__Provided records__:

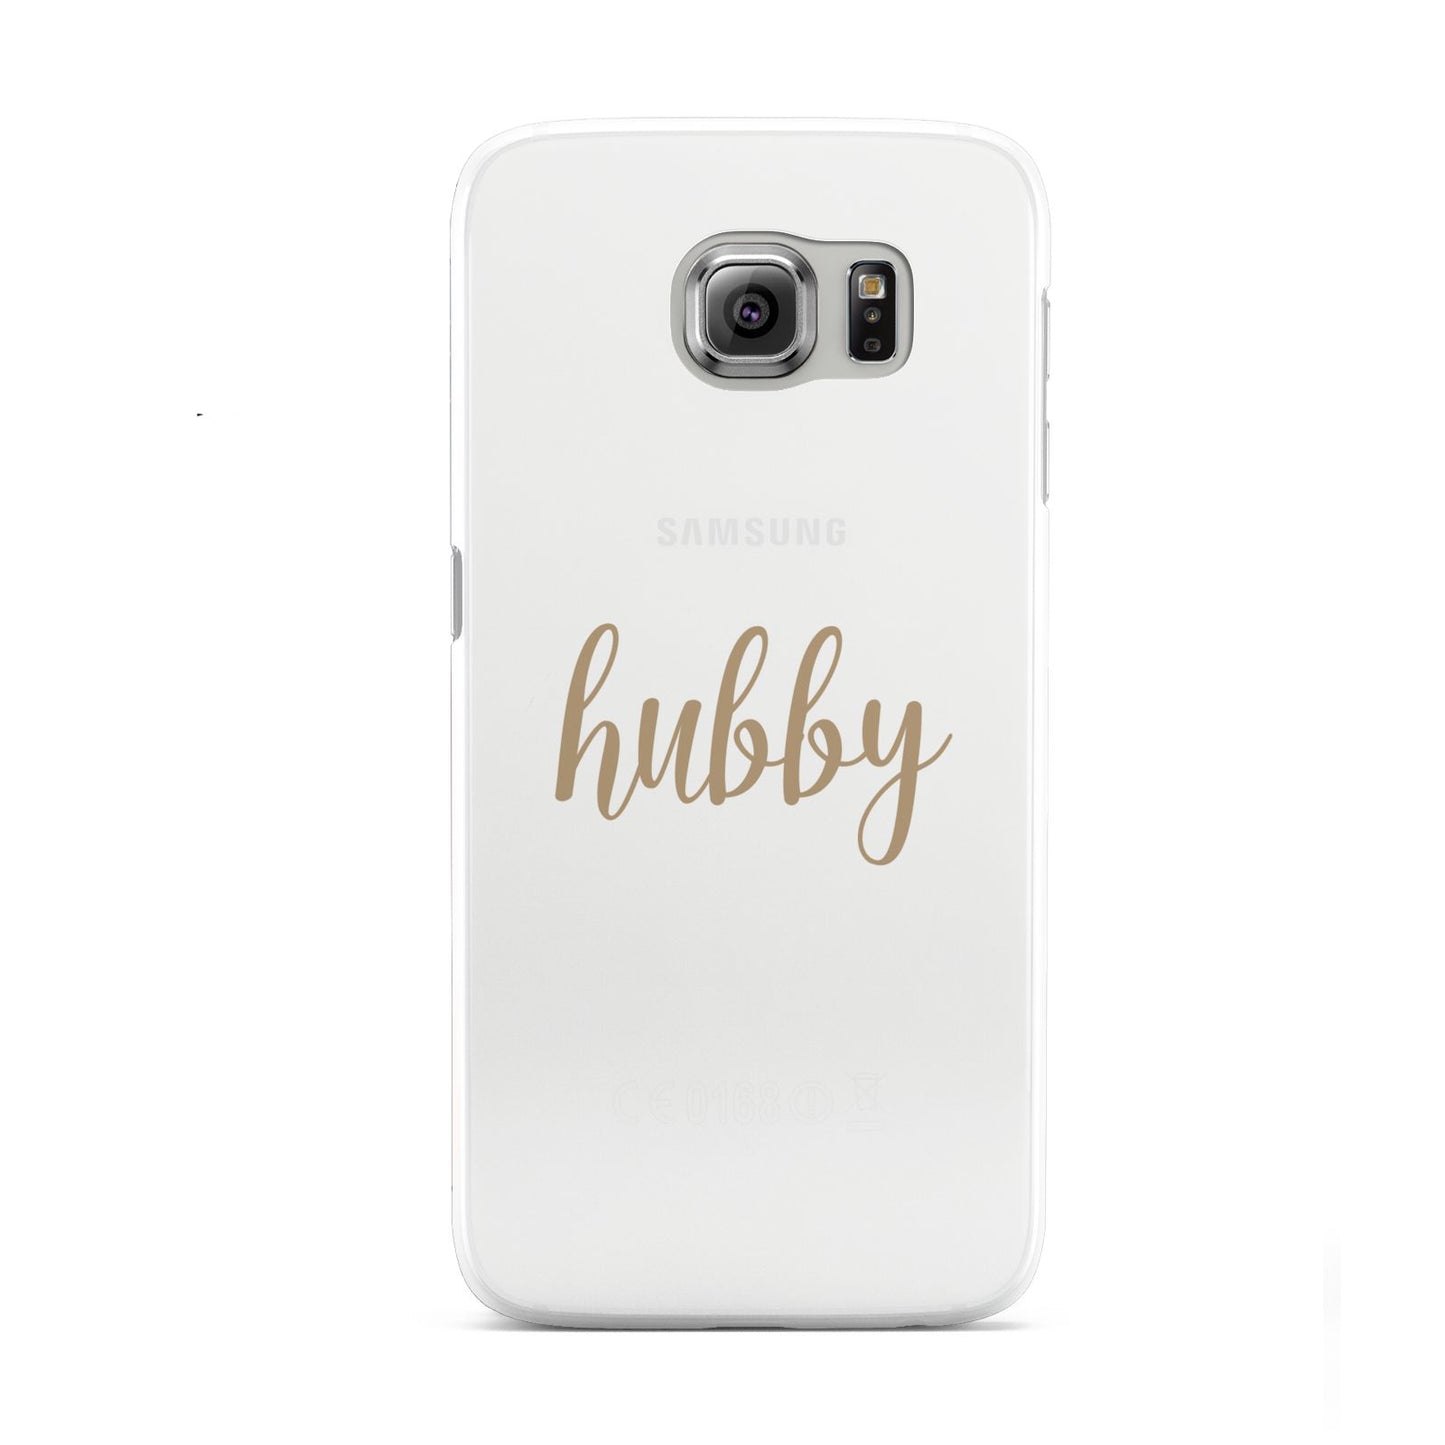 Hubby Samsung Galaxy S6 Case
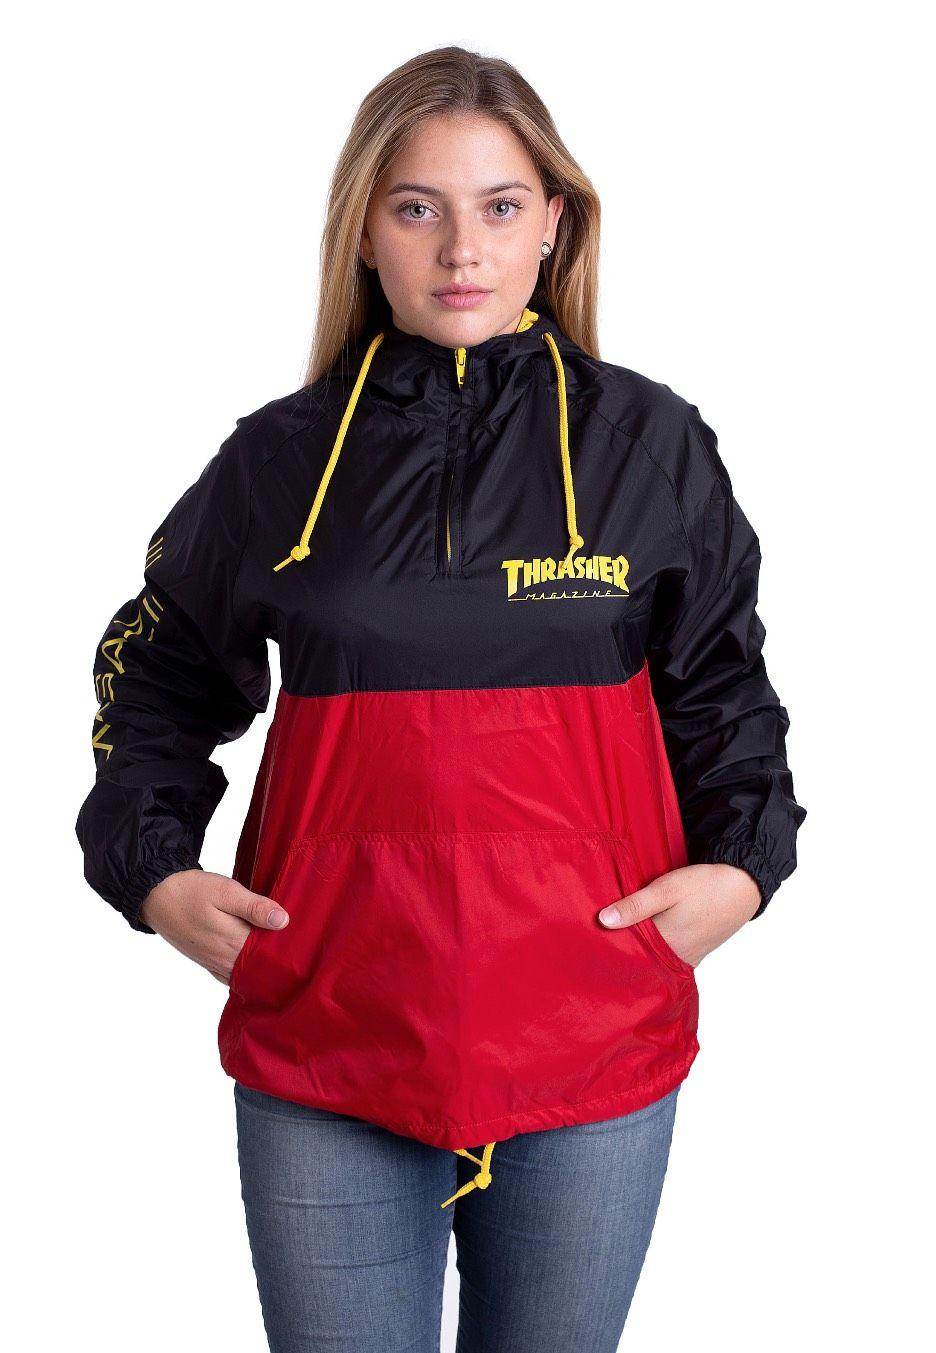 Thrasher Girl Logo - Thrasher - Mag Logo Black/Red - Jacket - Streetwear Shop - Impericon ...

--

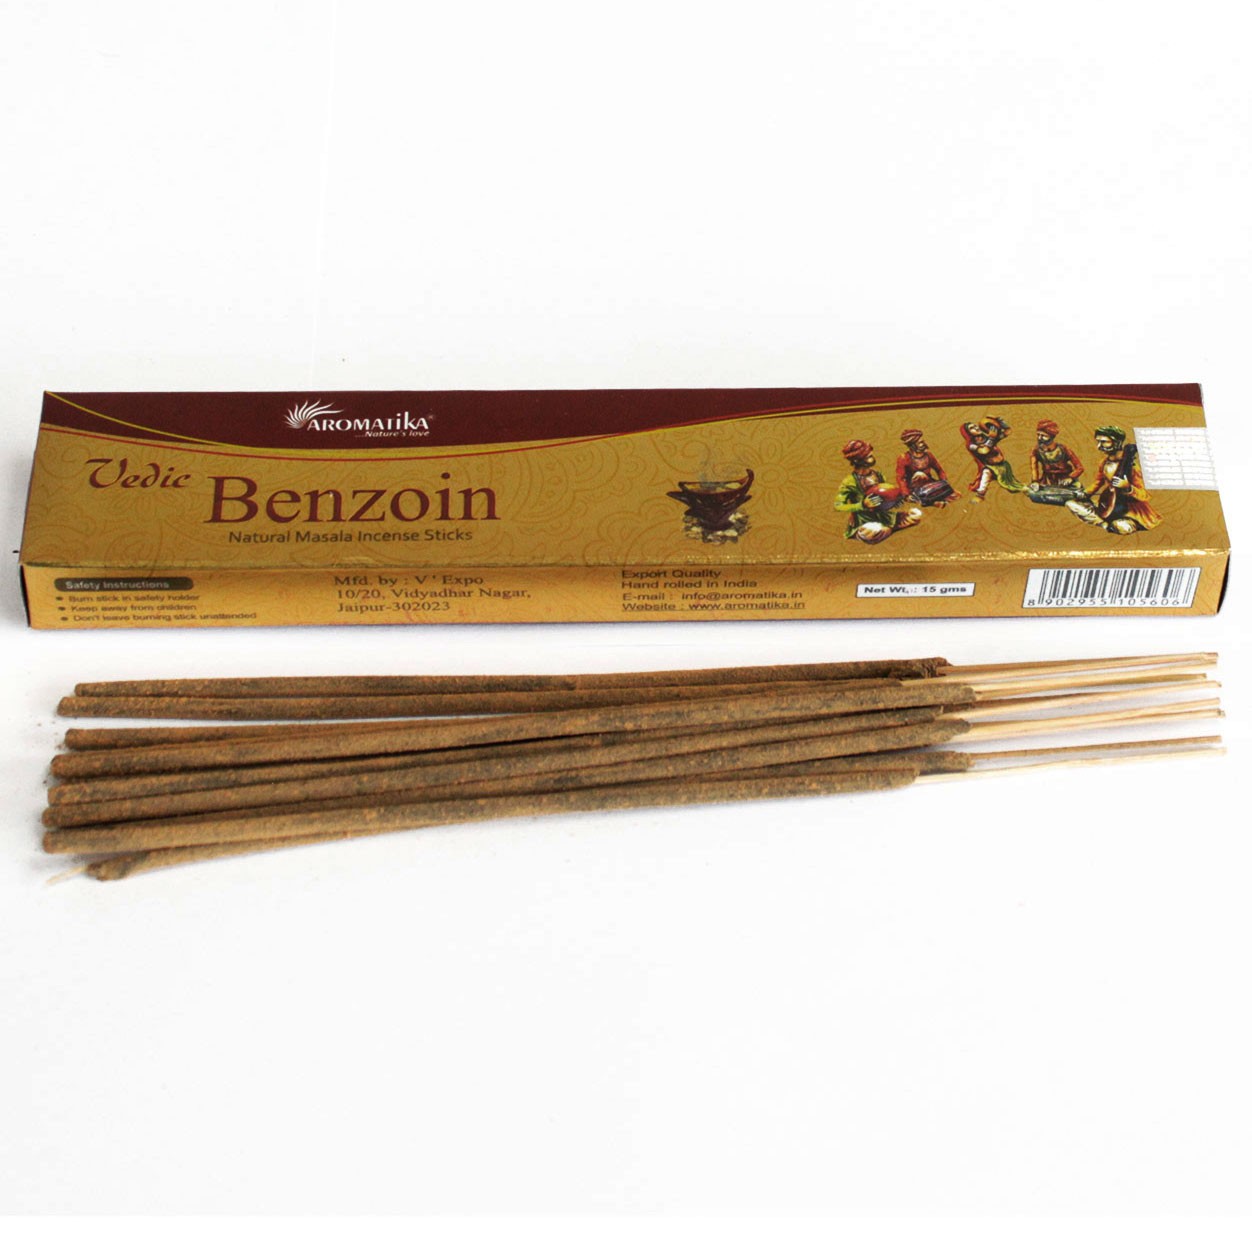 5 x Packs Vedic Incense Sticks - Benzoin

__What you have to do__:
Nothing but the lines above from the line with "Hubby Samsung Galaxy S6 Case" up to and including the line with "Thrasher Girl Logo" should be returned, exactly as written and without pictures.

__Written reply__:
 Hubby Samsung Galaxy S6 Case
 Thrasher Girl Logo - Thrasher - Mag Logo Black/Red - Jacket - Streetwear Shop - Impericon ...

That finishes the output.